- [Records from a data source]

-- Opening Marker --

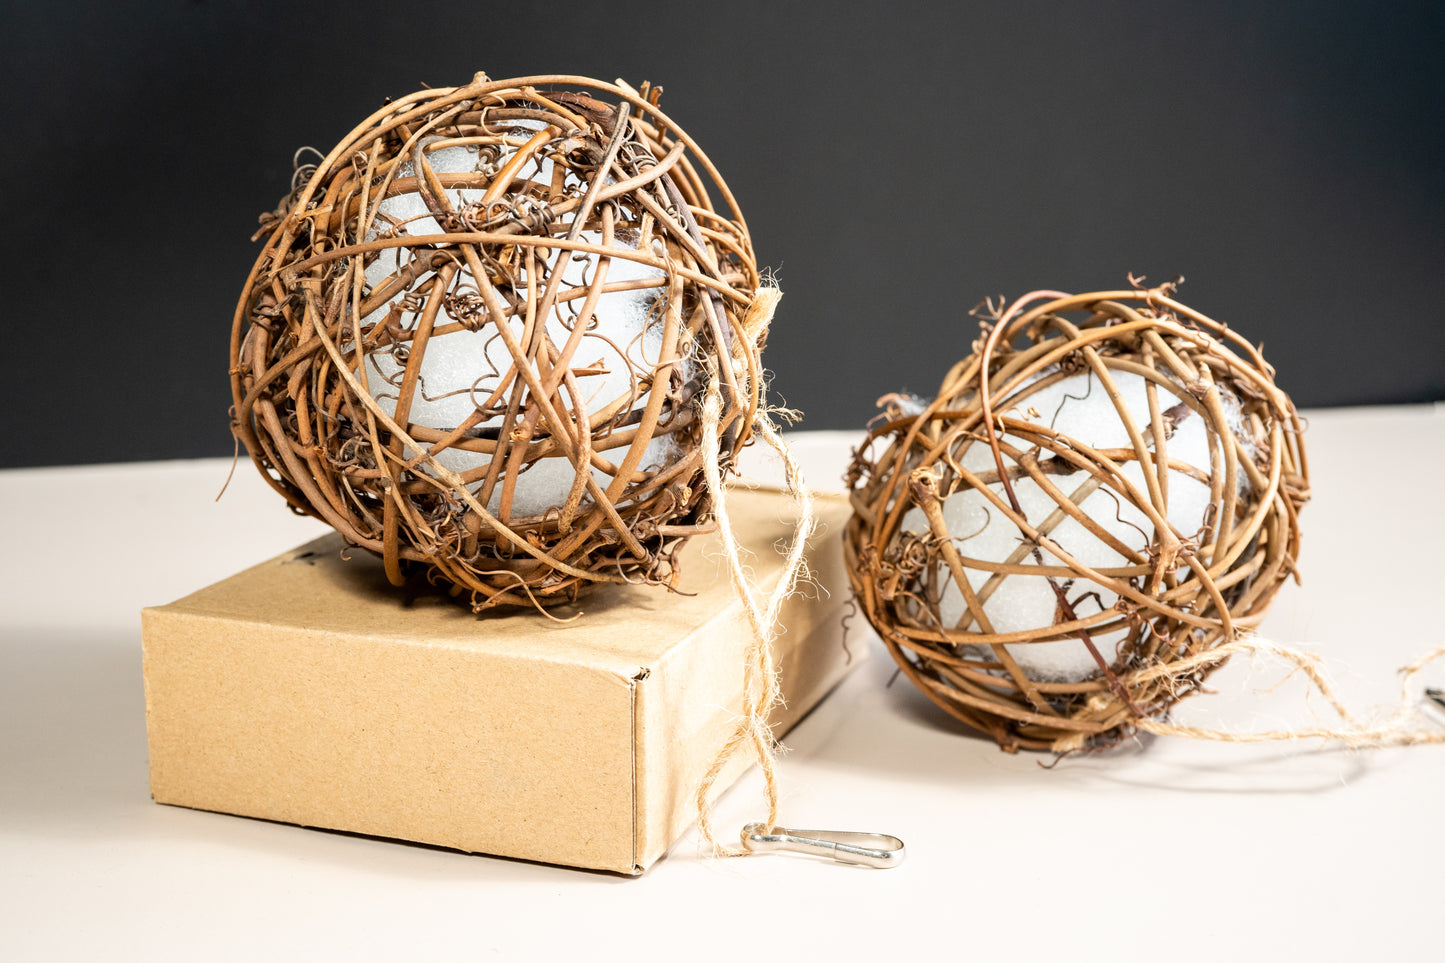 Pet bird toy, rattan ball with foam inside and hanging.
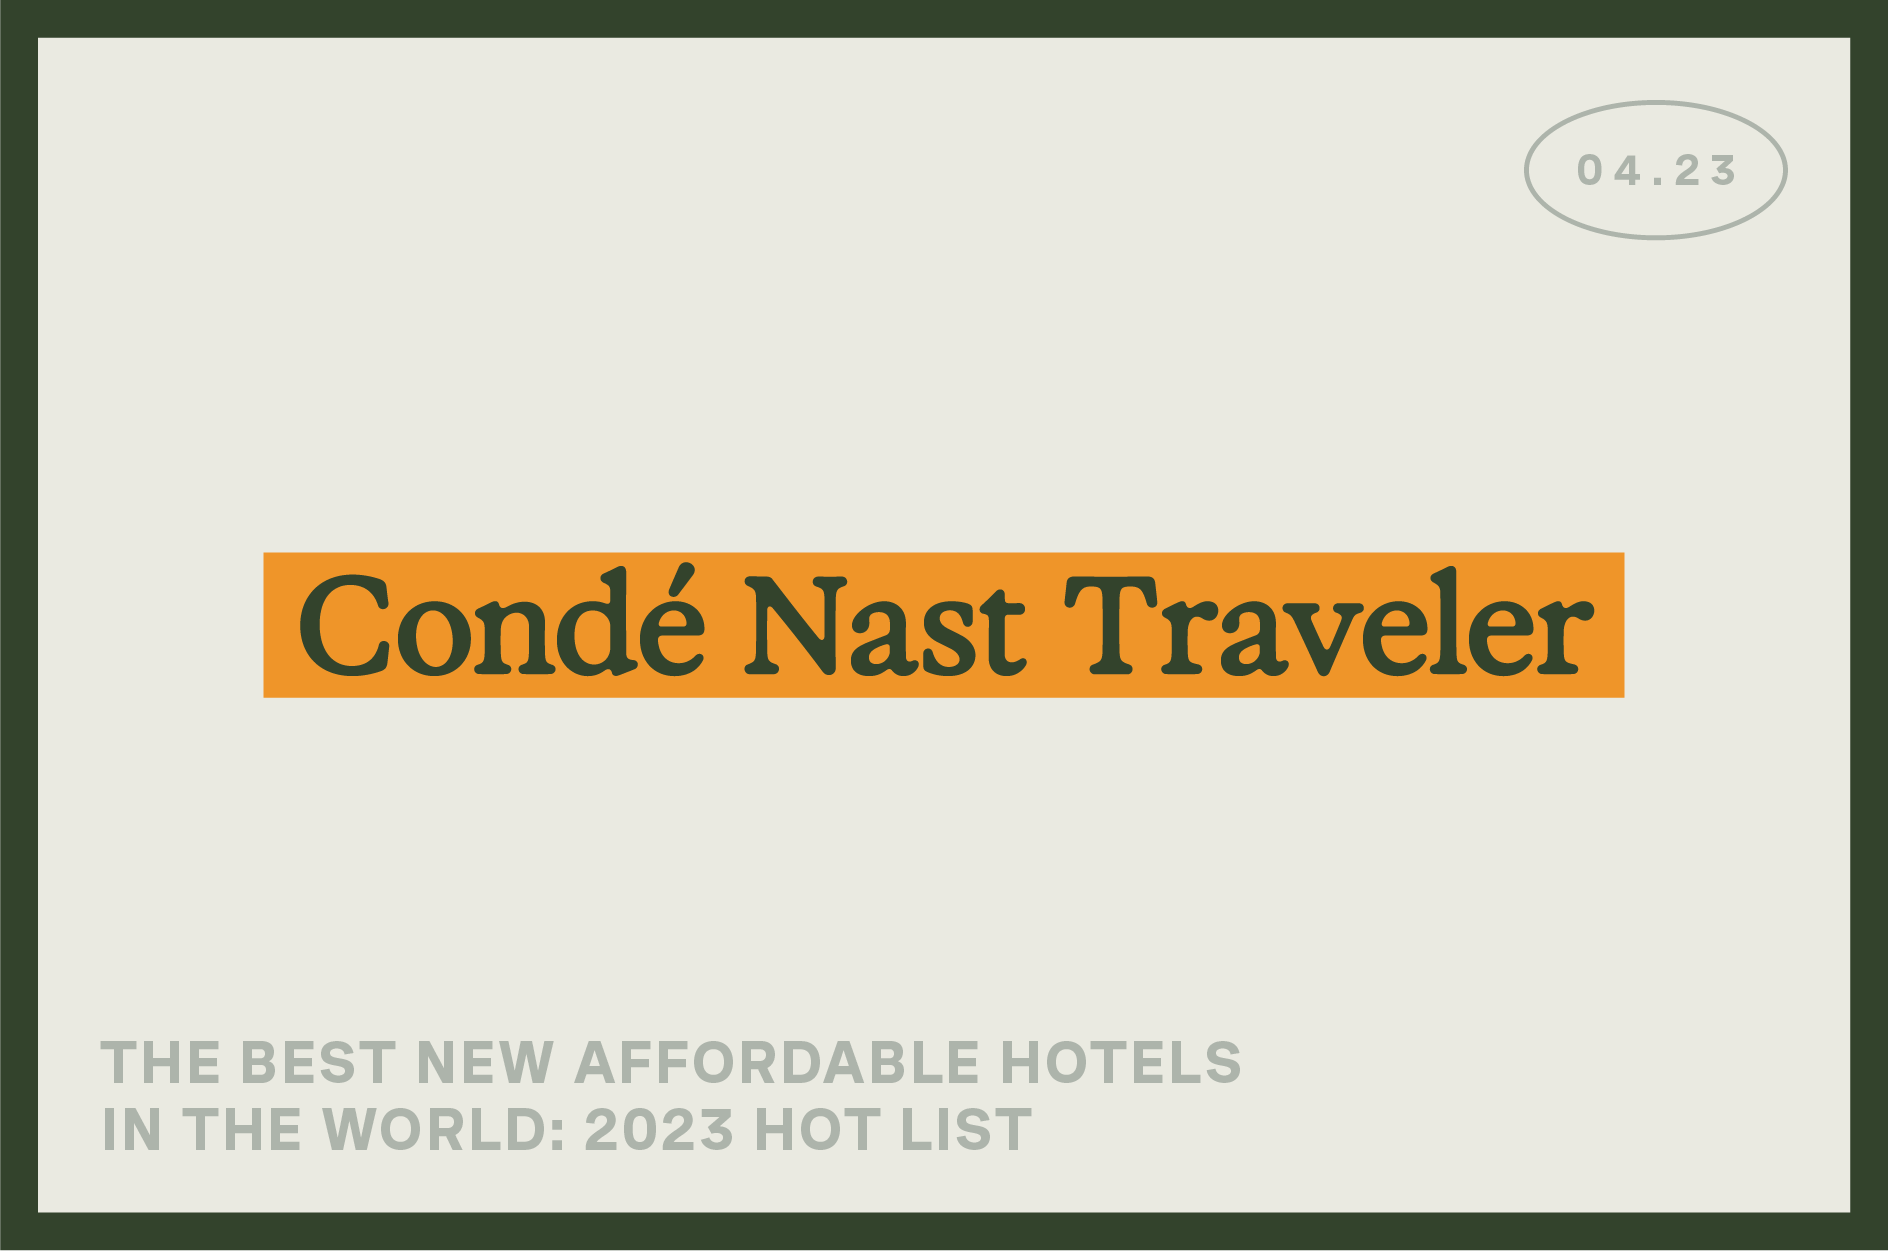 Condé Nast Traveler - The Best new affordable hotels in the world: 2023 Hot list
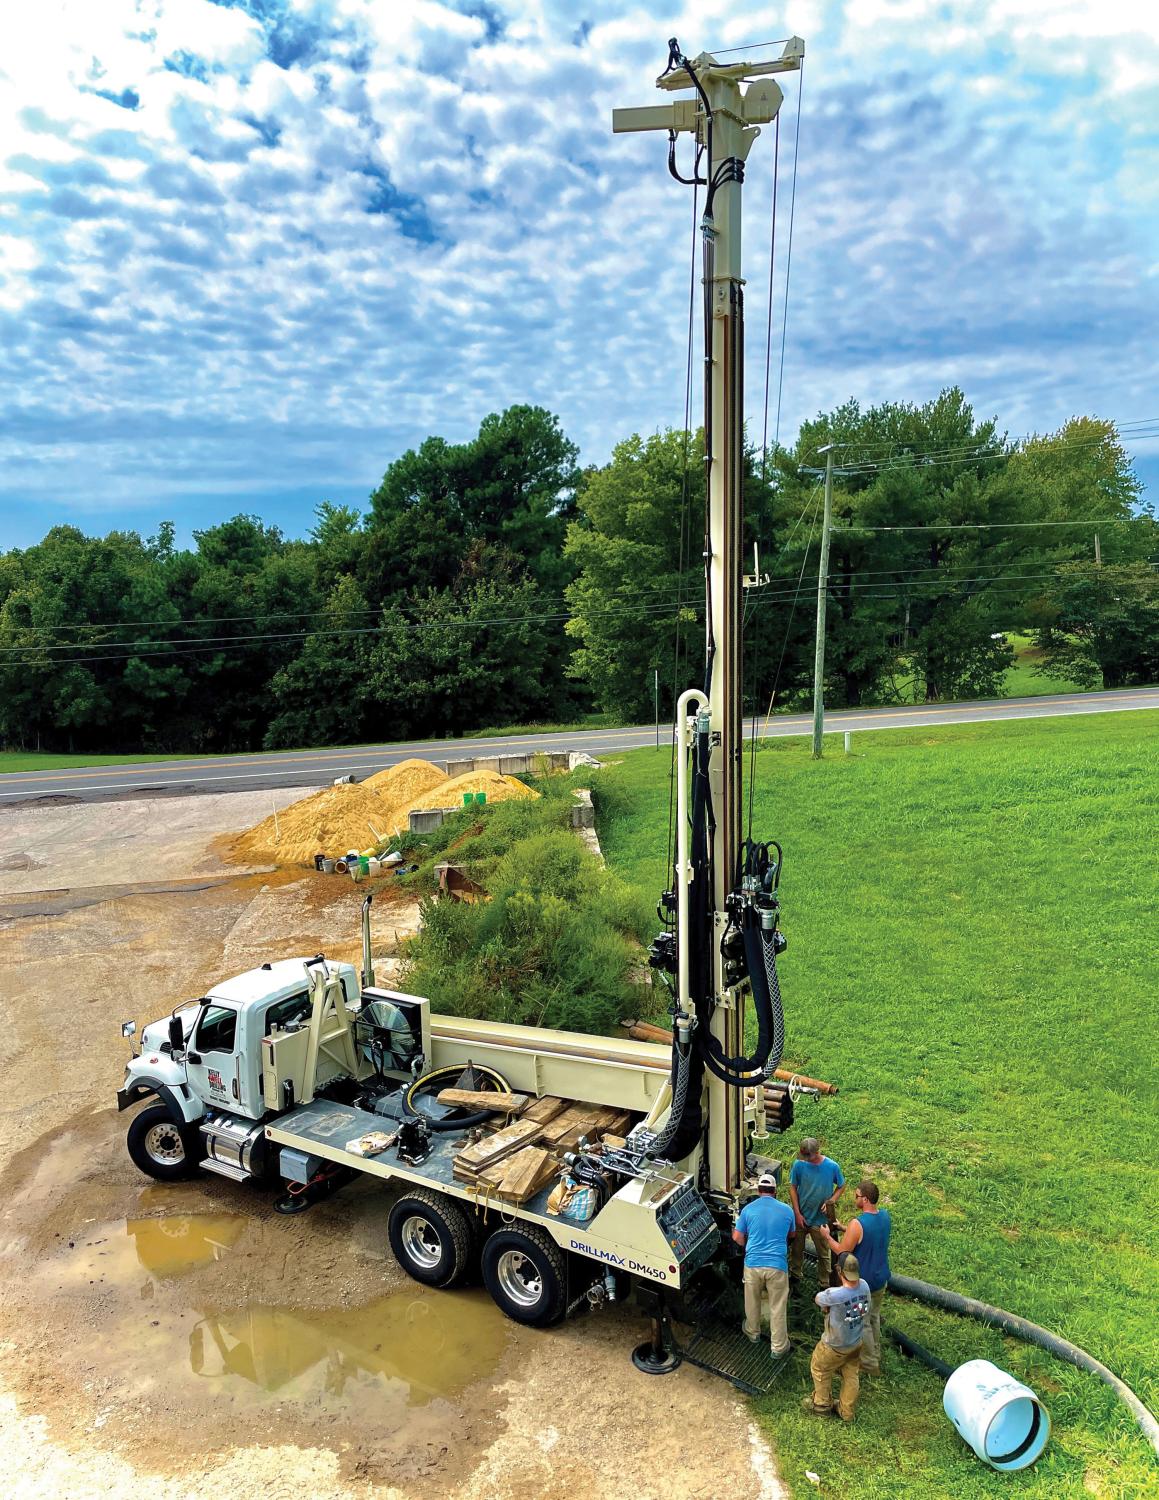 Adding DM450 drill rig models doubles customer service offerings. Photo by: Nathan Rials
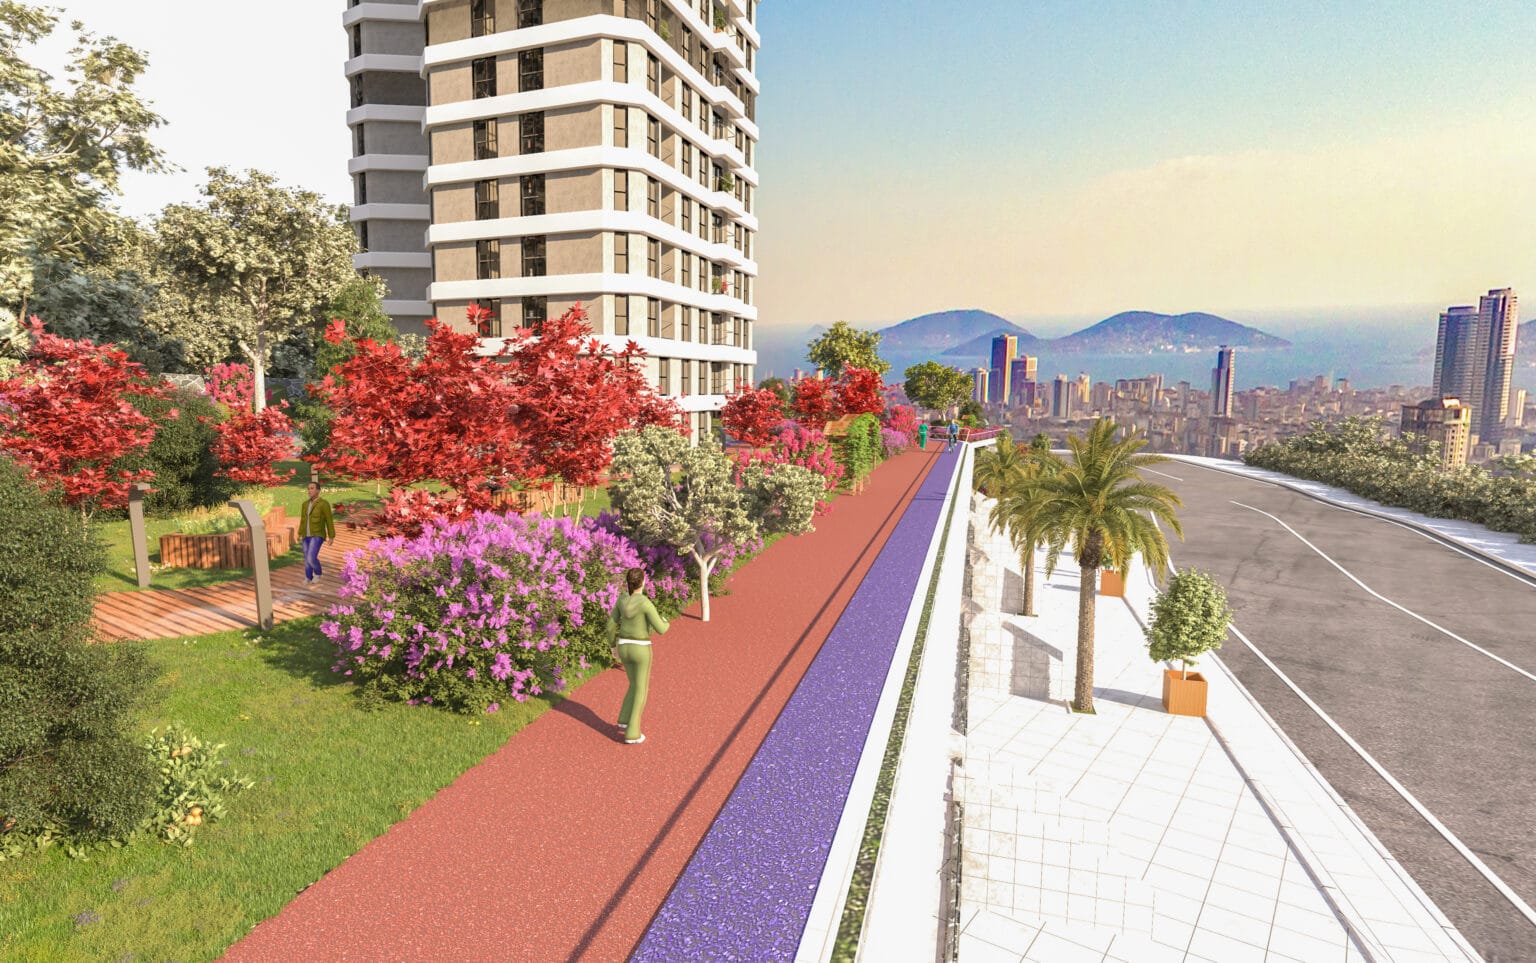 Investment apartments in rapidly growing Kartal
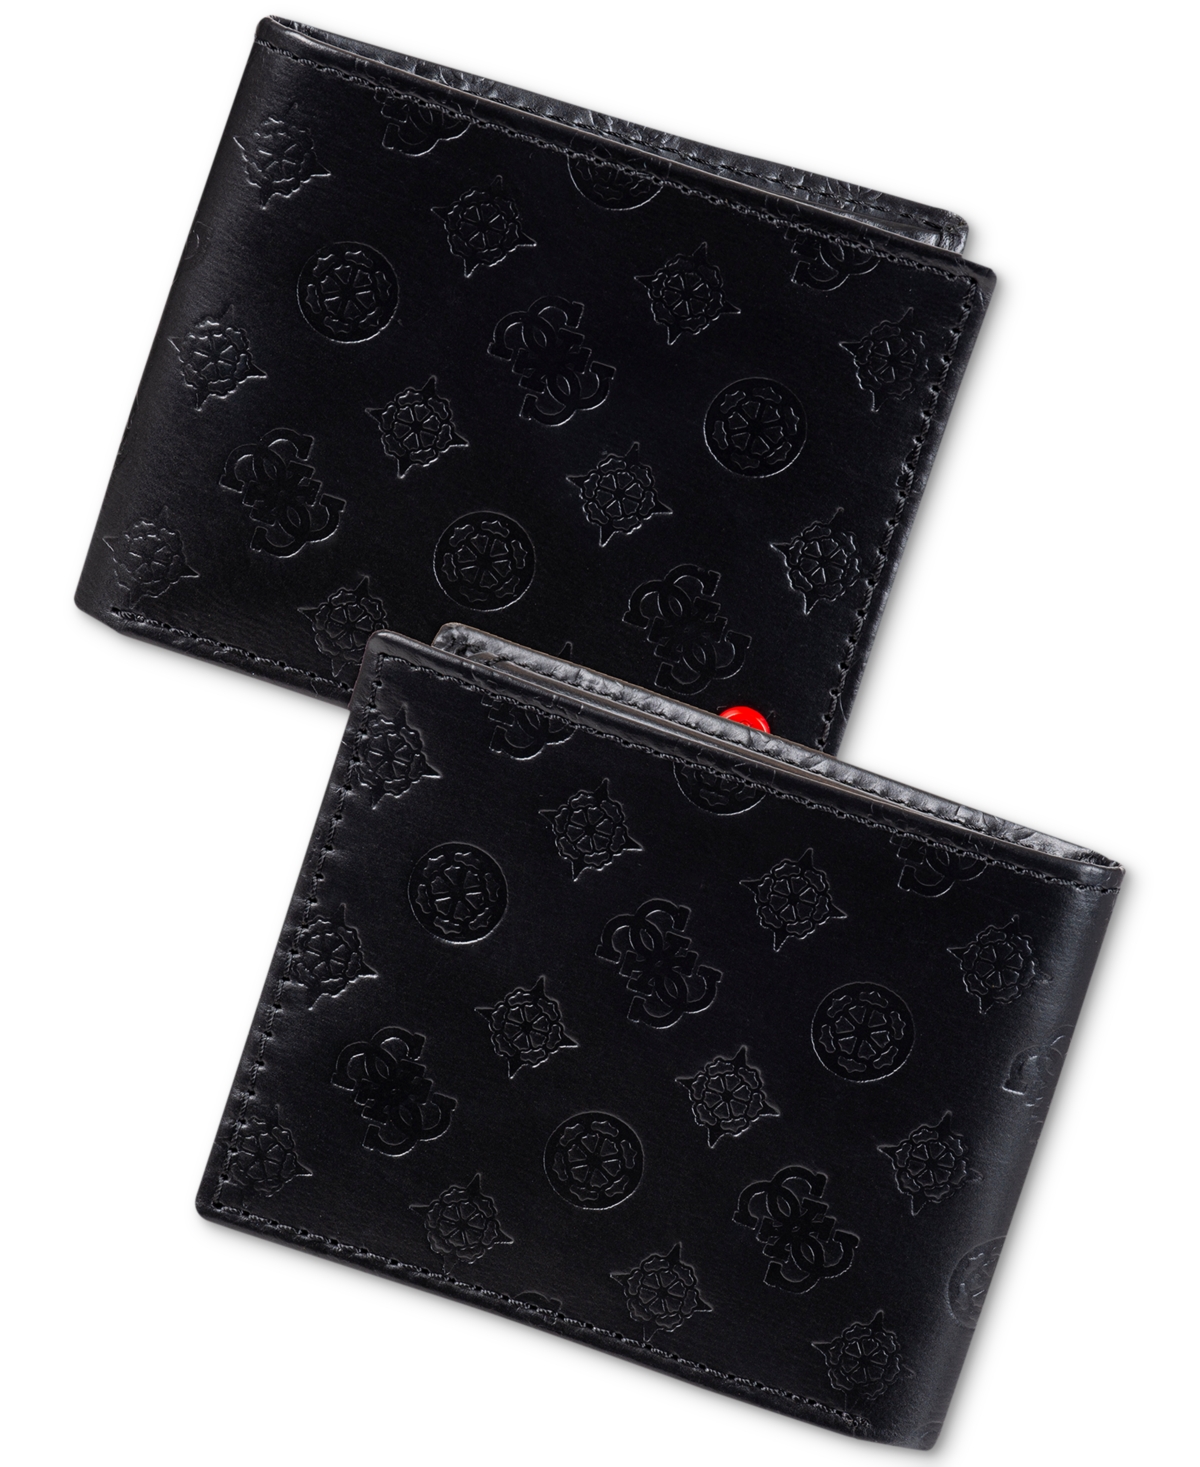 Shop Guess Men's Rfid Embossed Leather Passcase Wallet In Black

-- Closing Marker --

Skip the pictures. Return exactly the lines from the one containing "Adding DM450 drill" through the end of the data above, both included, and nothing besides.

 Adding DM450 drill rig models doubles customer service offerings. Photo by: Nathan Rials
 Investment apartments in rapidly growing Kartal
 Shop Guess Men's Rfid Embossed Leather Passcase Wallet In Black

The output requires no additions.